[[ Dataset content open ]]

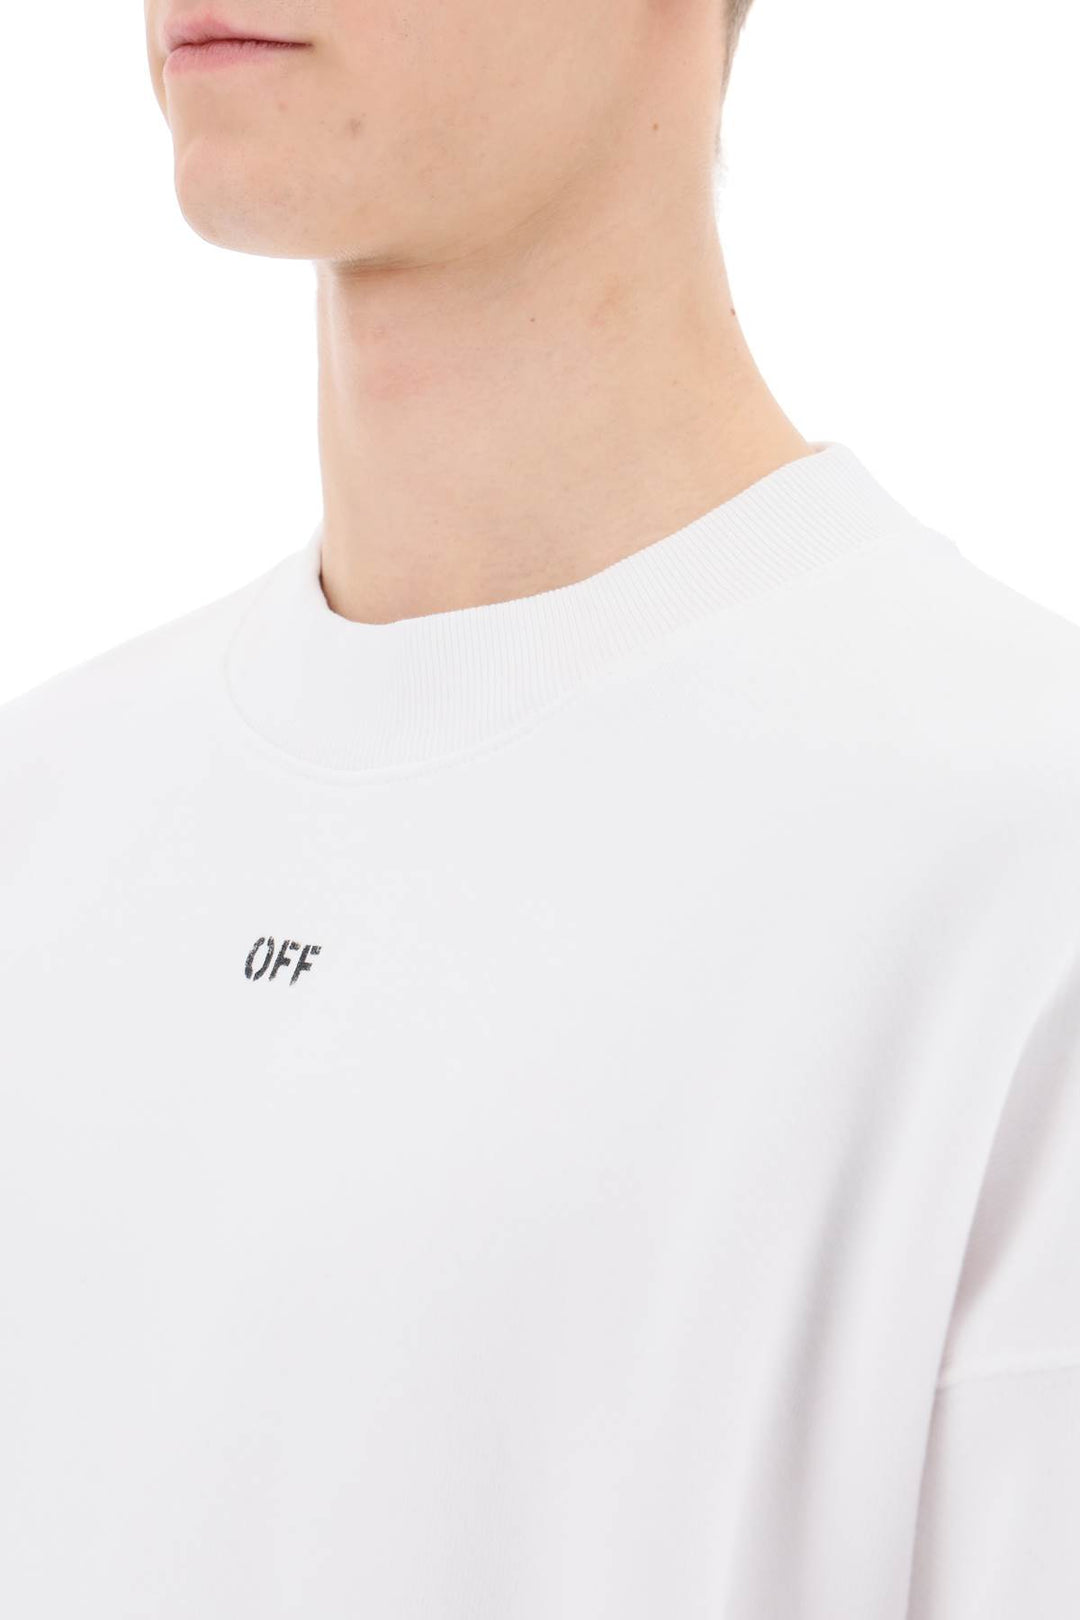 Off White Skate Sweatshirt With Off Logo   Bianco
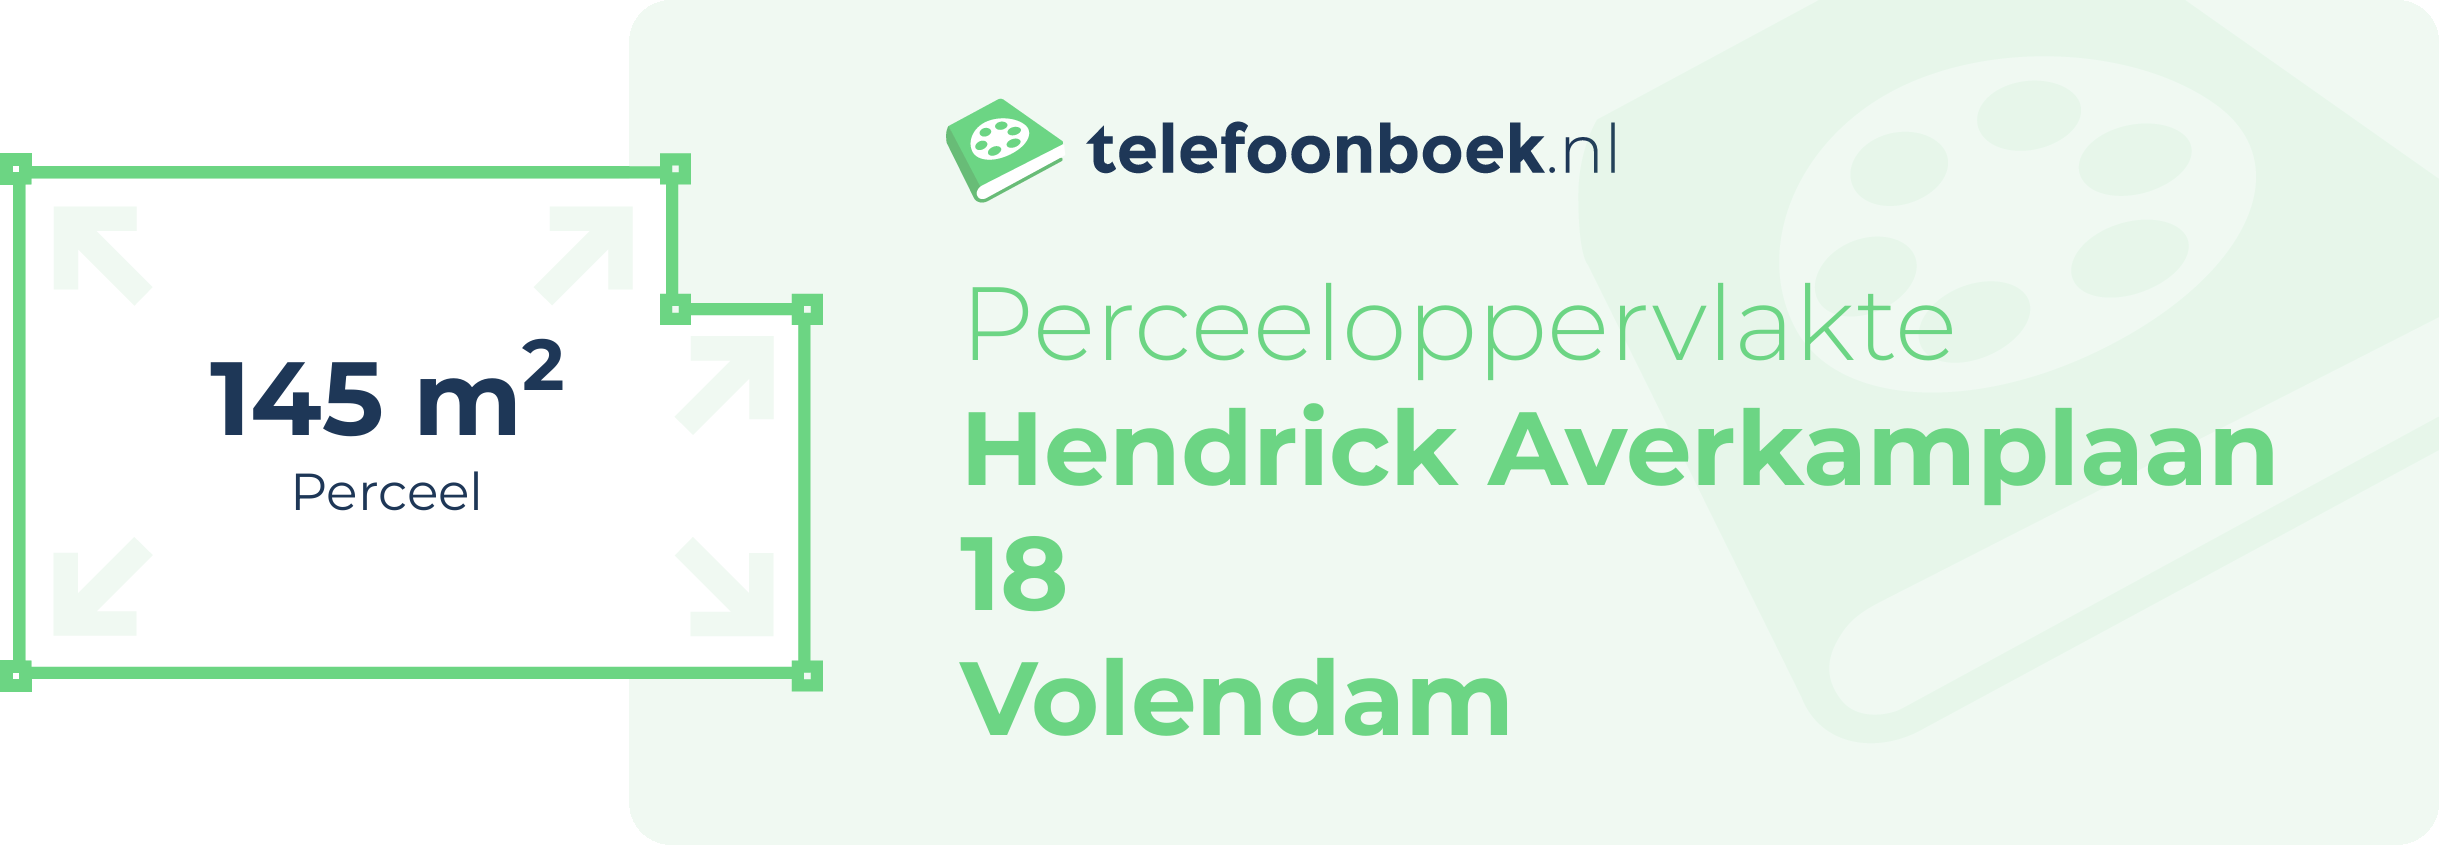 Perceeloppervlakte Hendrick Averkamplaan 18 Volendam
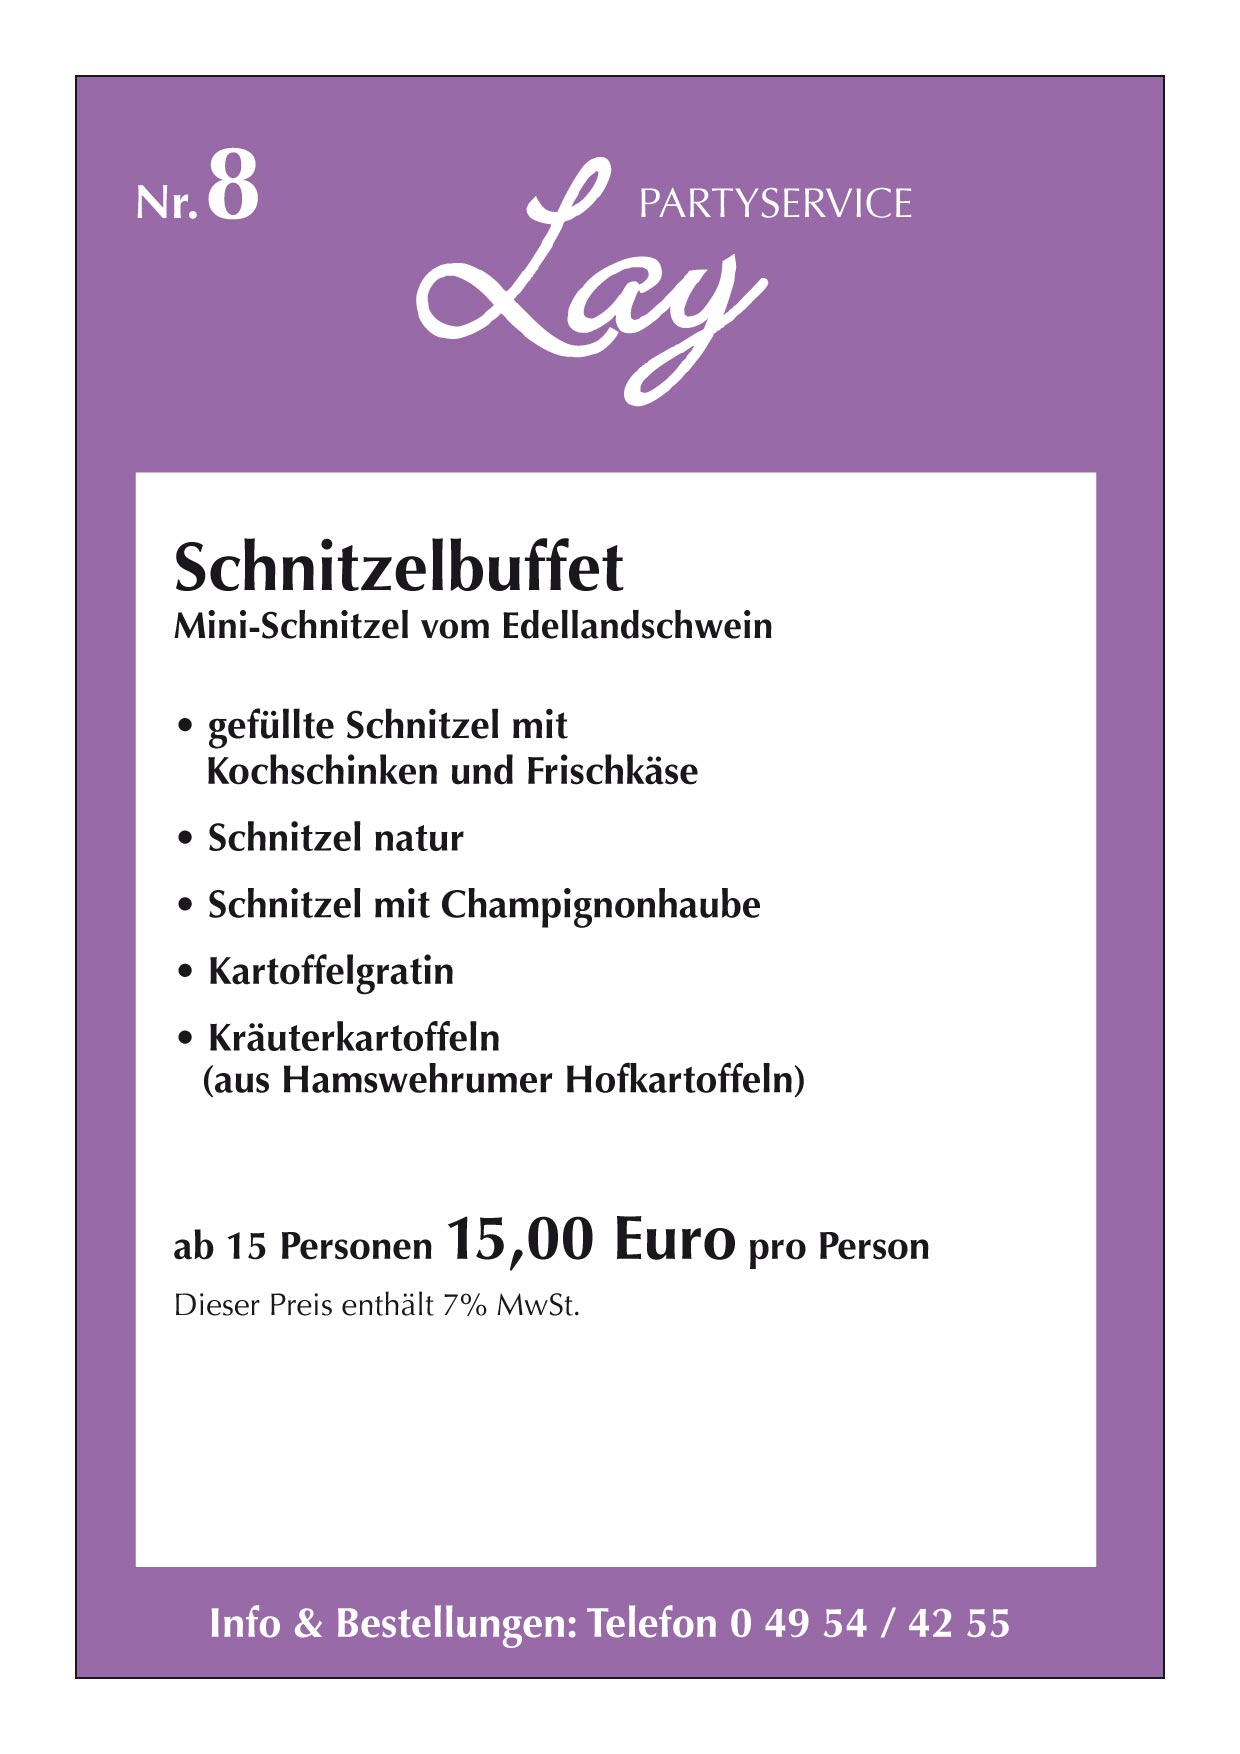 LAY Partyservice Schnitzelbuffet

[[ Dataset content closed ]]

The data above must be reproduced exactly, without any of its pictures.

> _Exercise response_:
 Off White Skate Sweatshirt With Off Logo   Bianco
 Perceeloppervlakte Hendrick Averkamplaan 18 Volendam
 LAY Partyservice Schnitzelbuffet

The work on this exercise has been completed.